Exiles, TheReviewed By Lybarger
Posted 11/19/09 15:35:26
Kent Mackenzie’s 1961 movie ‘The Exiles’ was so revolutionary that even now it seems gutsy. While it never received a wide release on the big screen, the movie either influenced a wide group of filmmakers or had themes that didn’t show up in movies until filmmakers like Martin Scorsese or Barry Levinson made "Mean Streets" and "Diner." Thanks to a new DVD release from Milestone films, the late Mackenzie’s formidable achievement has finally received the reverence it deserves.“The Exiles” doesn’t fit easily into any type of genre. It blurs the lines between documentary, drama and even black comedy. The English-born Mackenzie had befriended some members of the American Indian community in Los Angeles’ now-defunct Bunker Hill neighborhood and convinced them to recreate their experiences for the film, which took from 1958 to 1960. None of these folks were trained actors.
That was hardly a problem. Mackenzie made his novice performers so comfortable that they give wonderfully unguarded portrayals.
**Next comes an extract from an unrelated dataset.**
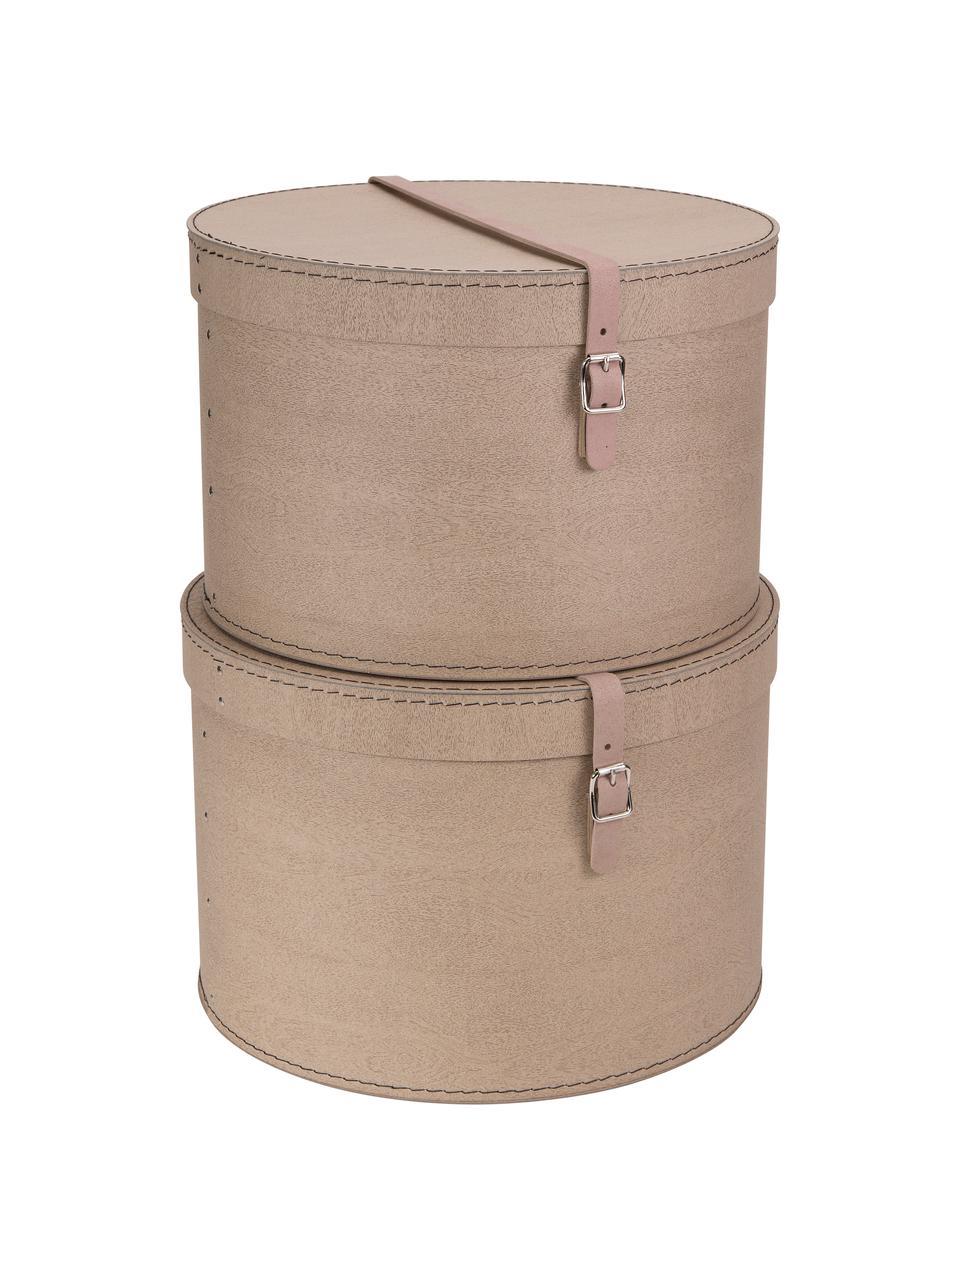 Set 2 scatole Rut, Scatola: cartone massiccio, stampa, Manico: pelle, metallo, Scatola esterno: beige Scatola interno: nero Manico: beige, Set in varie misure

As a result, viewers get a look at American Indian life in a way that’s radically different from the way it’s usually presented. For one thing, nearly all of the people in the film are American Indians who live urbanized lives. You can count the number of white people in the film on one hand, and only one scene (a visual representation of a letter that one character reads) takes place on a reservation. As gloomy as “The Exiles” gets, the scene of the squalid life on the Rez is bleak, too.
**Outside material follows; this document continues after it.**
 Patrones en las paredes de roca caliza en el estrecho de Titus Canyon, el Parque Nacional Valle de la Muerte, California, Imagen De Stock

There’s no plot to speak of, but one is hardly needed. Viewers experience a single evening in Bunker Hill from a half-dozen different points-of-view. A pregnant but unmarried woman named Yvonne Williams plays herself wandering through Bunker Hill because her beau Homer Nish is off carousing with his pals. Both say little about themselves when they’re with others but open up to the audience in voiceover.
One of the most astonishing aspects of the film is that Mackenzie does nothing to romanticize his subjects. He unflinchingly presents some despicable behavior the same way that Levinson did in Diner. A pair of male partiers stick a young woman with the bill at a gas station. She leaves to go to the bathroom, and then the revelers abandon her just as she’s walking out of the room. Nice guys, huh? Mackenzie figures that viewers can decide for themselves when characters are misbehaving.
Despite its short running time and technical glitches (the voices don’t quite match the lip movements because the cameras were too noisy for live sound), “The Exiles” takes a couple of viewings to appreciate. There are tiny details that don’t leap out at a viewer but become obvious once you get past the story. You can spot a gay couple pouring each other drinks in a bar scene or notice that traditional blankets cover the seats of a hot rod.
The restoration through Milestone and the University of California Los Angeles allows some truly gorgeous night shots of LA come through, and the rock score played by a band called The Revels is versatile as it is scorching. Interestingly, a song they recorded for “The Exiles” called “Comanche” became a hit and is featured in “Pulp Fiction.”
The extras on the new DVD are worth exploring as well. In particular, check out the lively commentary track by critic Sean Axmaker and novelist/filmmaker Sherman Alexie, who hails from the Spokane/Coeur d'Alene tribes. The former provides some juicy behind the scenes information, while the latter explains what a revelation “The Exiles” was and still is for an American Indian audience.One of the great things about DVD is that wonderful films that flew under the radar can finally receive proper recognition. In its re-release, “The Exiles” earns a well-deserved reprieve from obscurity.